- **GIVEN MATERIAL**:
※

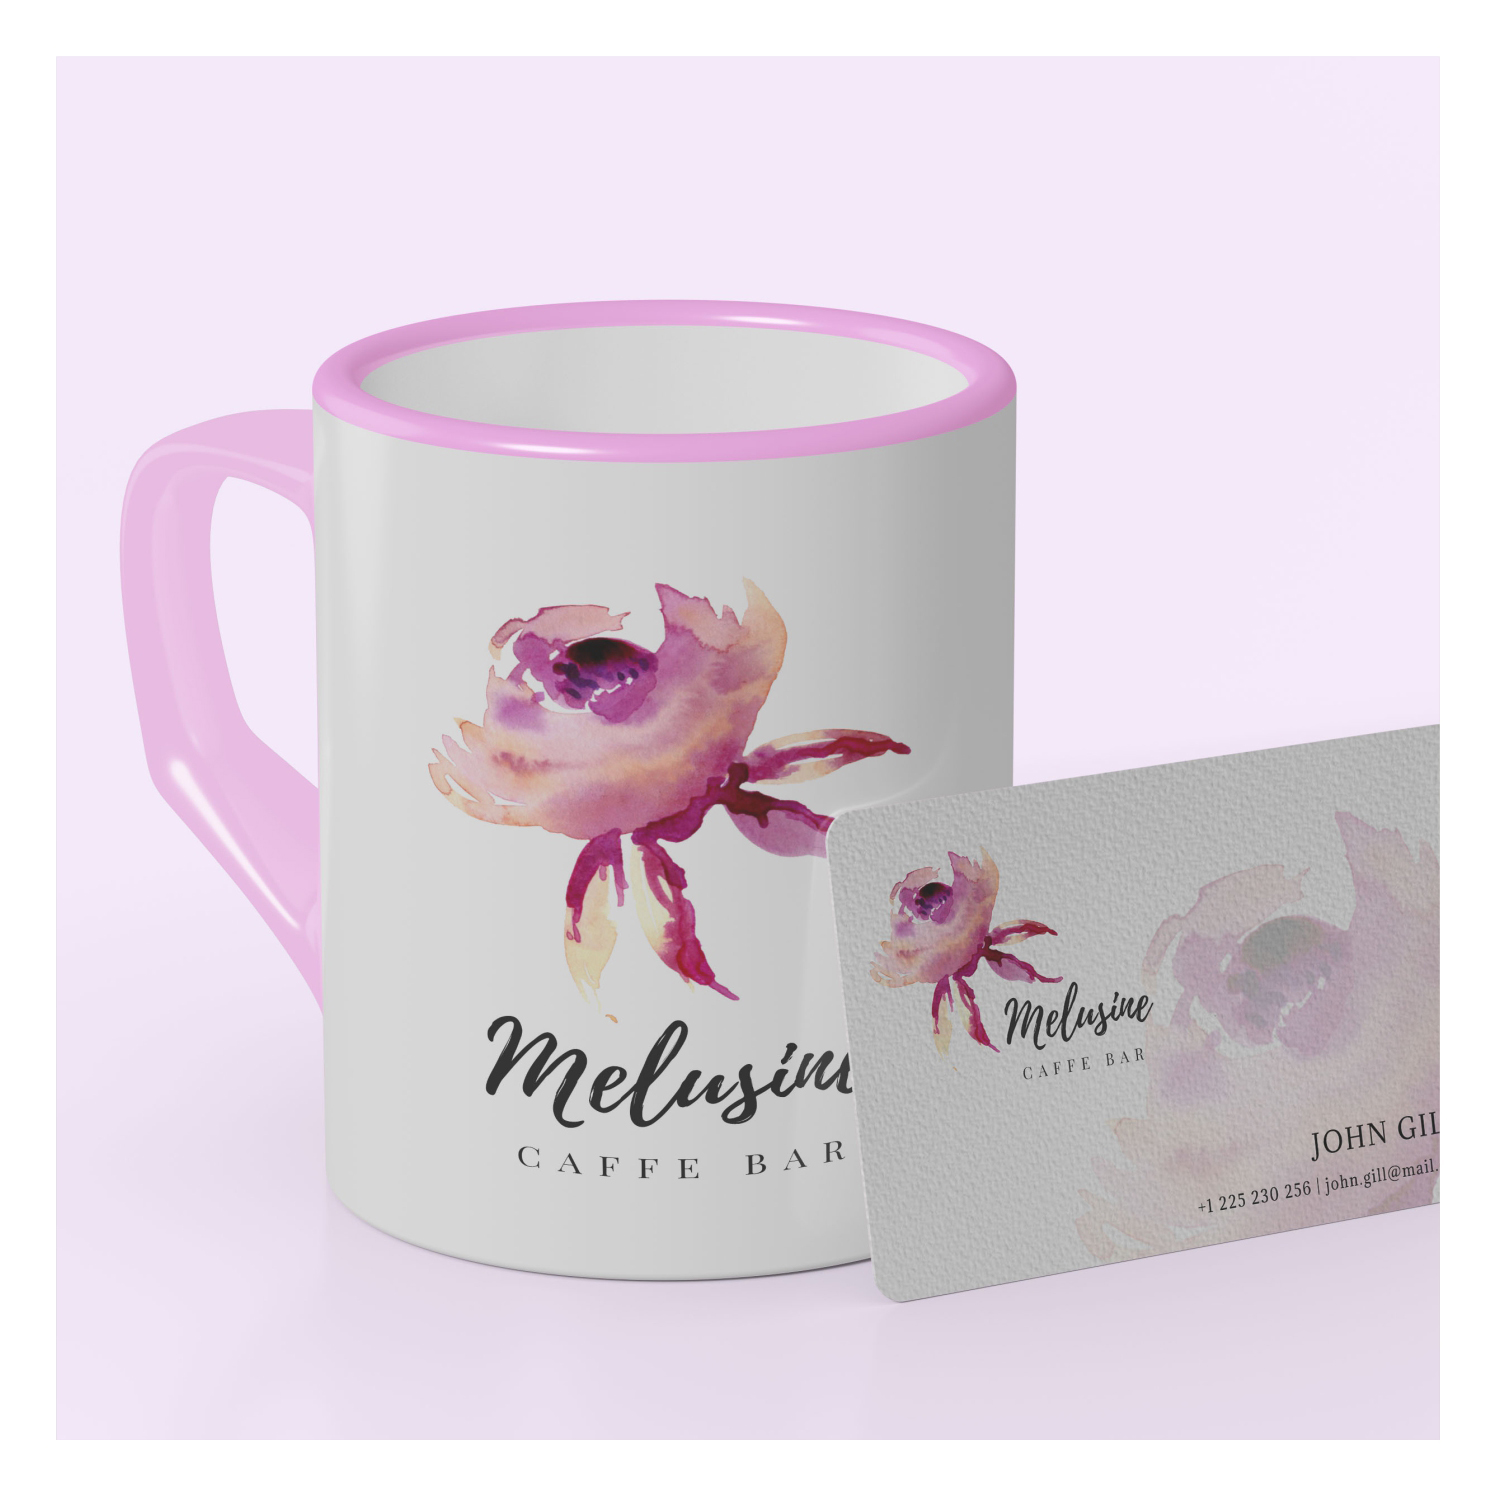 Melusine-Caffee-Bar-Branding-Business-Card-Designs-webvizion-global
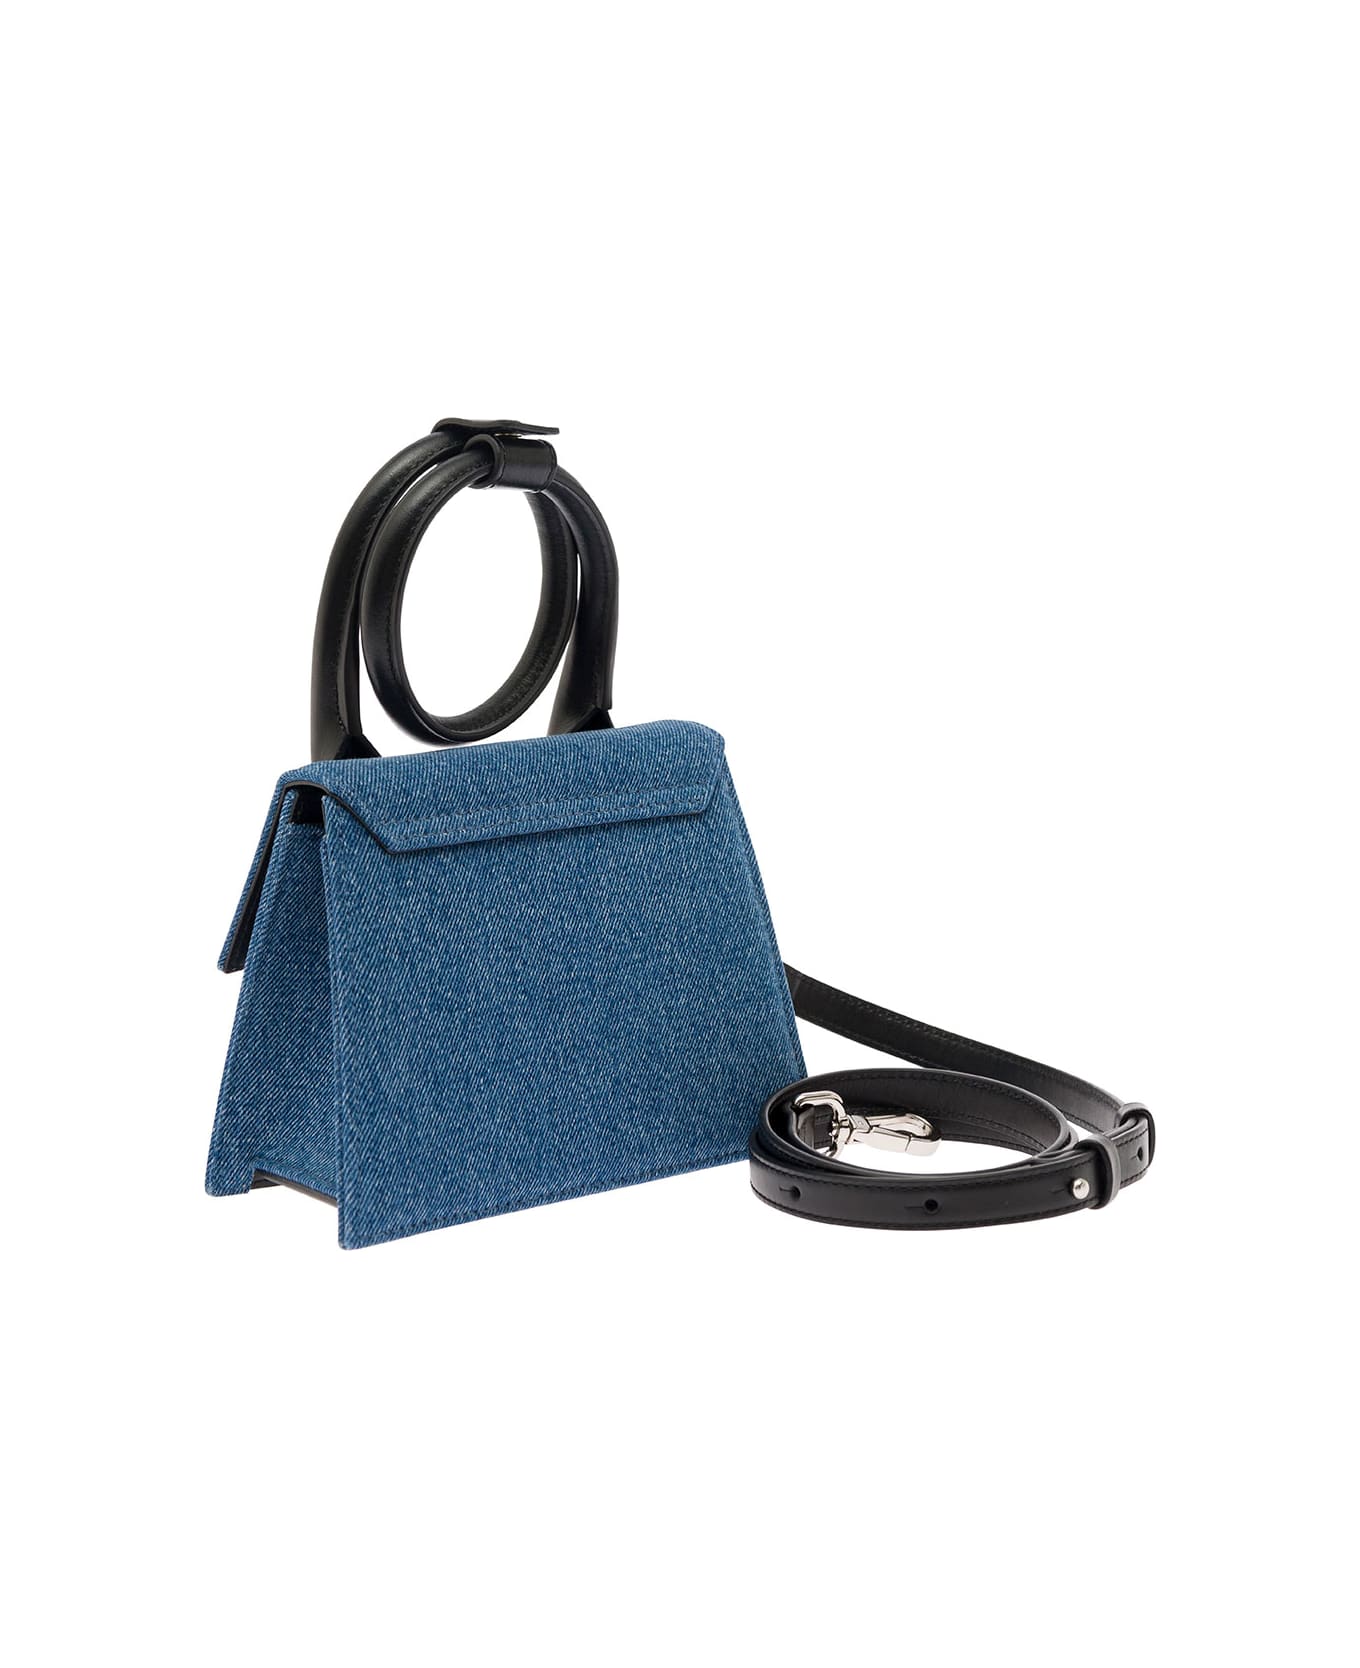 Jacquemus Le Chiquito Noeud Coiled Handbag - Blue
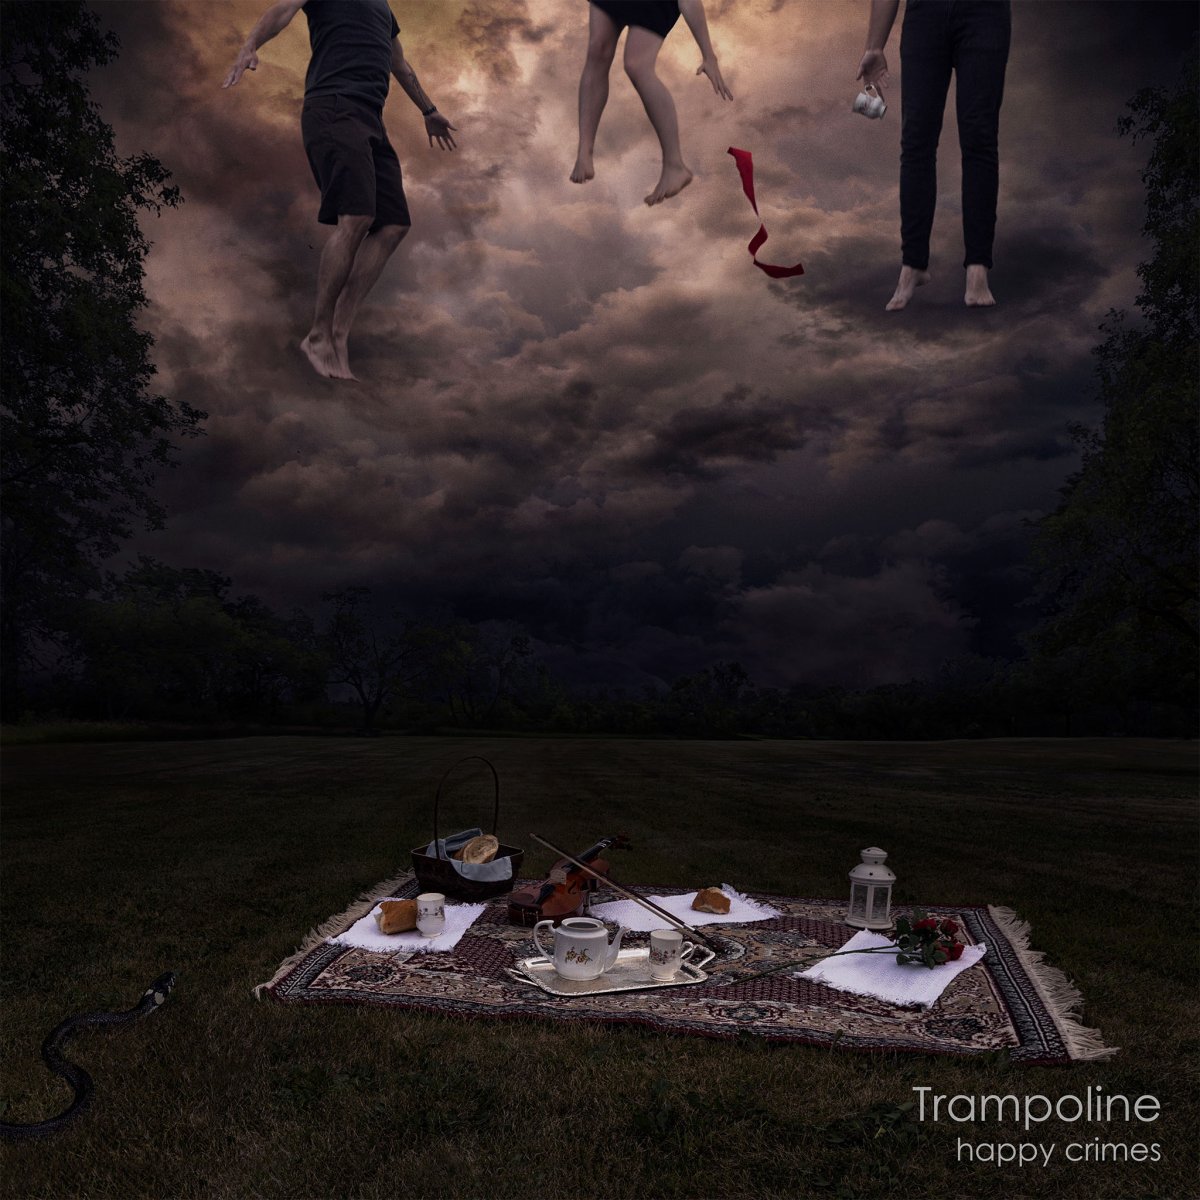 Trampoline’s “Happy Crimes” album release show - image
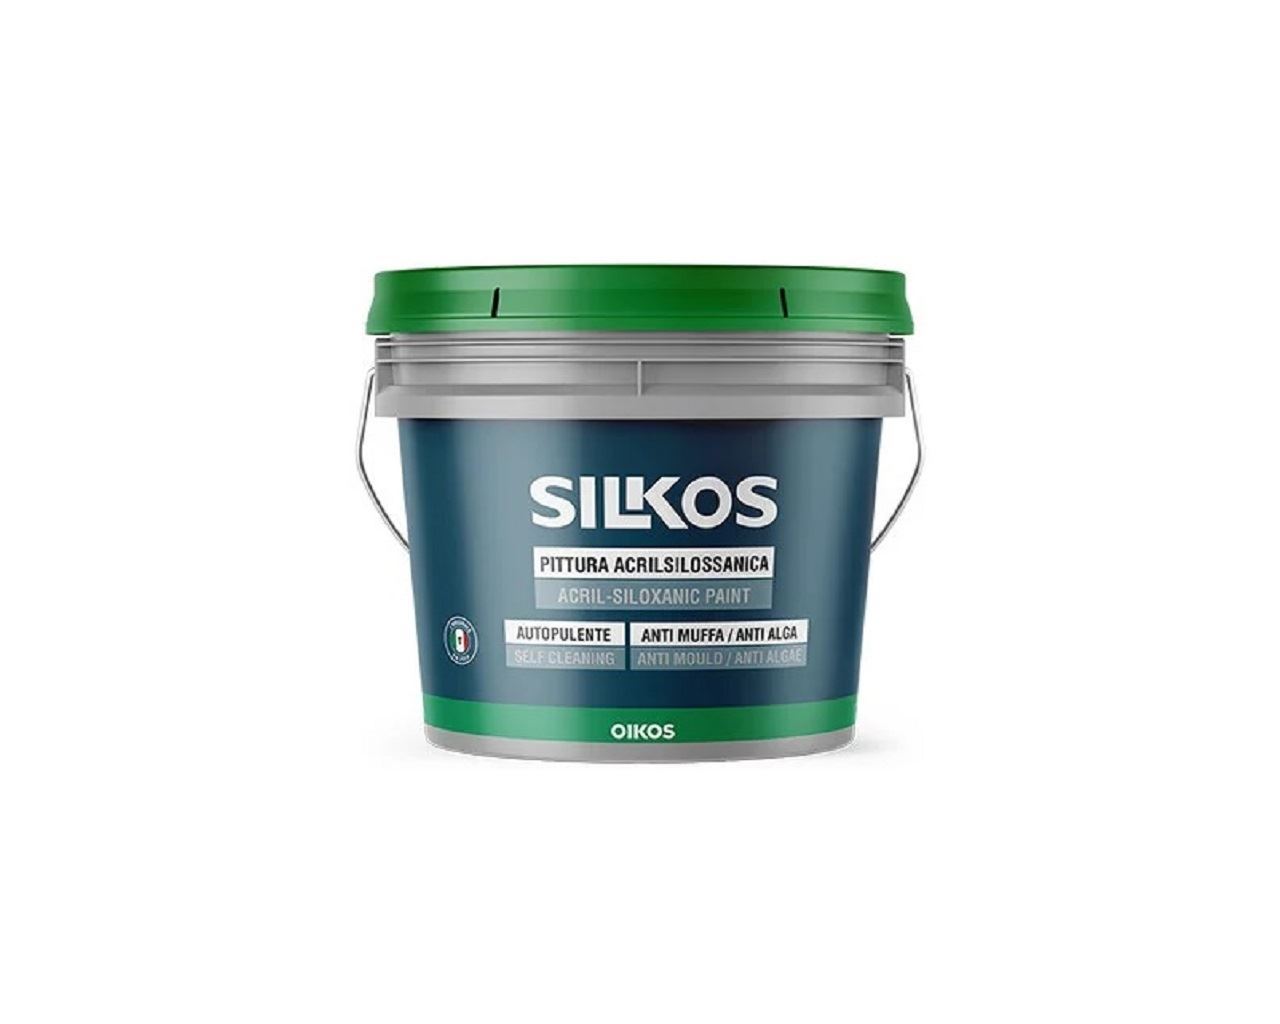 Silkos Torino - idropittura quarzo acrilsilossanica autopulente alta resa antimuffa antialga per esterni

※

- **EXERCISE BRIEF**:
Every line of the data should be copied as it stands, without the images.

- **RESPONSE BOX**:
 Melusine-Caffee-Bar-Branding-Business-Card-Designs-webvizion-global
 Jacquemus Le Chiquito Noeud Coiled Handbag - Blue
 Trampoline’s “Happy Crimes” album release show - image
 Silkos Torino - idropittura quarzo acrilsilossanica autopulente alta resa antimuffa antialga per esterni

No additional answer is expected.